The objective moral view says both acts are the same. The objective view would say there can be no moral justification for capital punishment, war, or self-defense. It is the act, not the actor or reason that is immoral.
But it would seem by these same measures it would have been immoral for Christ to sacrifice his own life when as God he had the power to prevent it from being taken - suicide would be a taking of self's life and thus immoral - regardless of the reason. How could the son of God commit an immoral act?
I disagree with this characterization of "objective morality." I don't see objective morality as dictating that your two examples are equivalent. It doesn't mean that all particular generalized action (e.g. "killing") are morally equal; rather, it means that for a particular action, if two people disagree about the morality involved (in a mutually exclusive way), then at least one of them is wrong.
I'm not sure if that definition changes your view of the relationship between objective morality and human judgment; in my view, if anything, it's an incentive to hone and use human judgment. When one accepts that there is "a" right and "a" wrong answer to each of the various moral dilemmas he's confronted with, then one tends to use his abilities to discern what the moral truth of a given situation is. Moral relativity as a worldview suggests the opposite to me. When any moral decision can be shrugged off with "your way is true for you; my way is true for me," then why bother?
Edit/Addendum re: part one. What I mean to say (more succinctly) is that your suggestion seems to be that objective morality would dictate something like "All killing is wrong," whereas I believe that instead it would dictate something like "This particular killing is
either wrong or 'not wrong'," but the wrongness of it is not variable, subject to different people's perceptions.
While I have foresworn posting in response to or aimed at Lukewarm (having finally realized the nature of the mind with which I had been trying to converse), that doesn't mean I won't post on this issue (please suppress groans).
I disagree with your view.
Relative morality does NOT mean, to me at least, that I can 'accept' that an act I think immoral can be viewed as moral by another and that I should accept that person's view as making it 'ok'.
I do think that most of us share some common tendencies. Certain 'attitudes' or 'preferences' are encoded in our brains. Our minds are not, imo, separate from our brains... our consciousness is expressed out of the underlying physical operation of our brain.
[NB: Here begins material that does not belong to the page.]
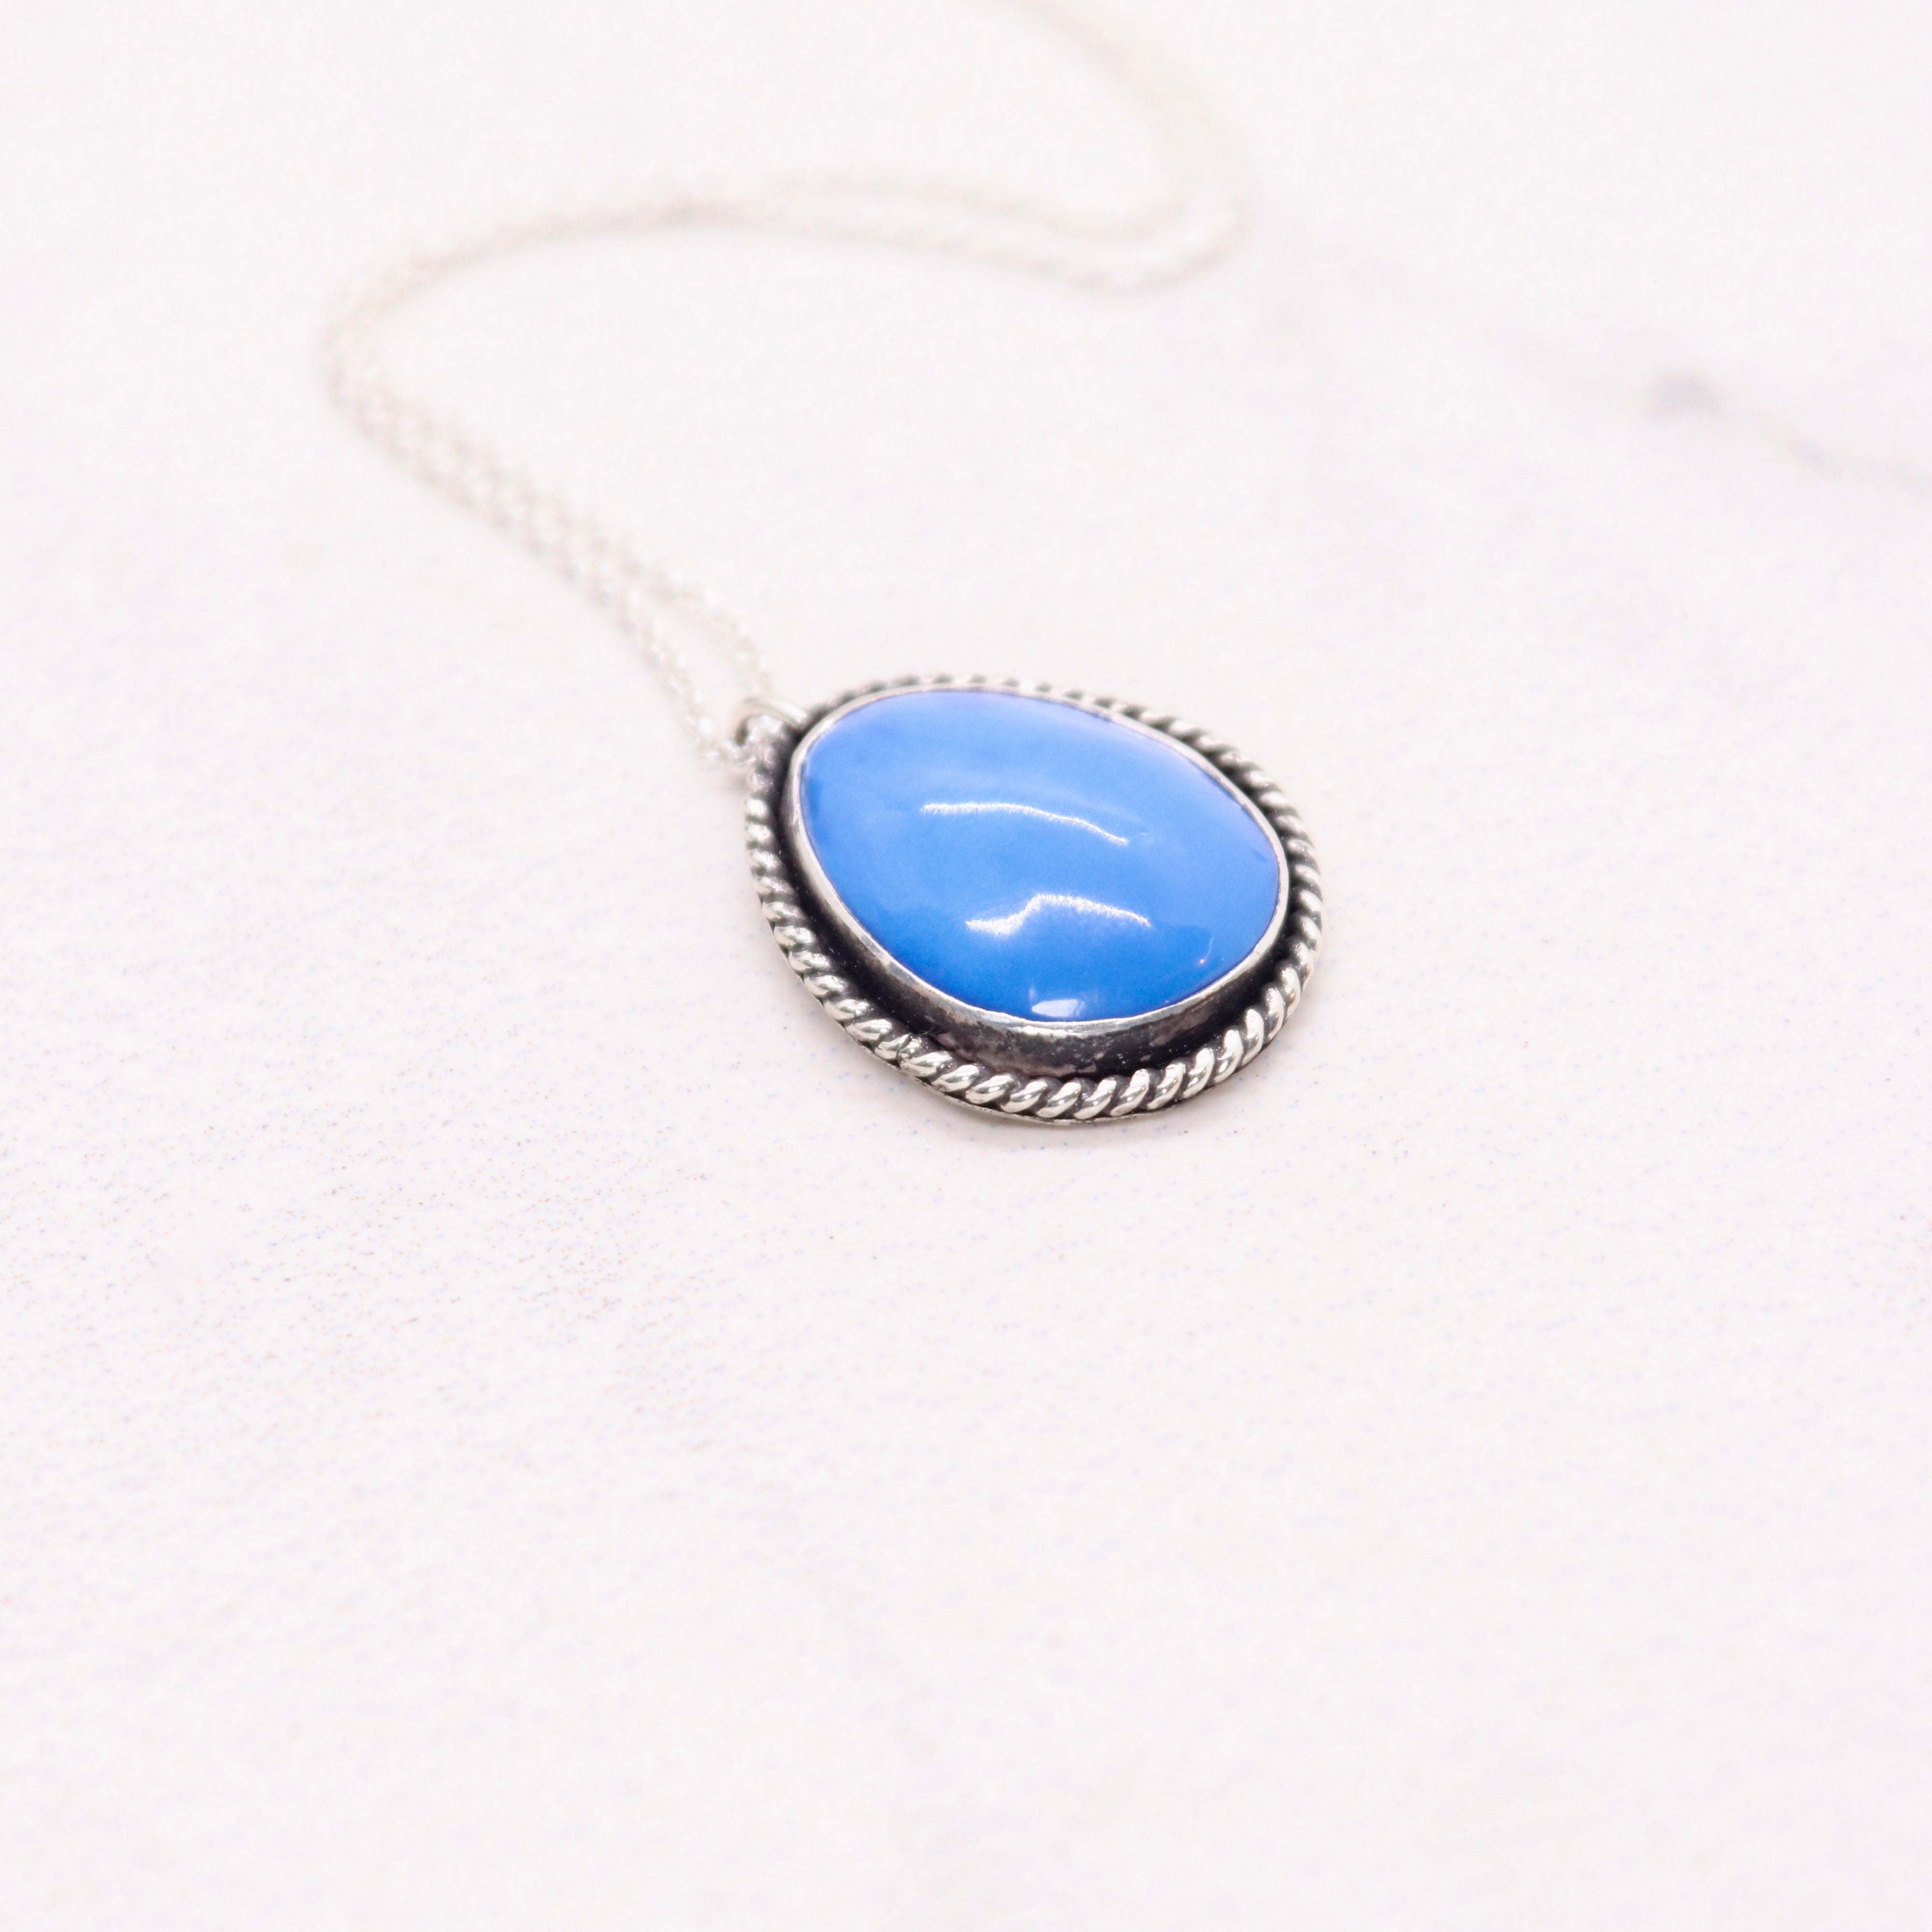 Ceruleite pendant necklace in sterling silver with a boho style

This should be self-evident to anyone who has had to deal with individuals suffering from demonstrable physical damage to the brain. Brain damage doesn't merely make someone slower, or erode physically coded memories.. it can and often does fundamentally alter the person... the entire personality changes. Note that while I am not a doctor, I do have significant experience in both the results of and the underlying biological explanations for these statements... I conduct head injury litigation and have on my bookshelf a number of medical and neuropsychological medical (and medico-legal) texts.. which I have actually read. I have also met many brain injured people, and interviewed family and friends to learn about the pre-injury person.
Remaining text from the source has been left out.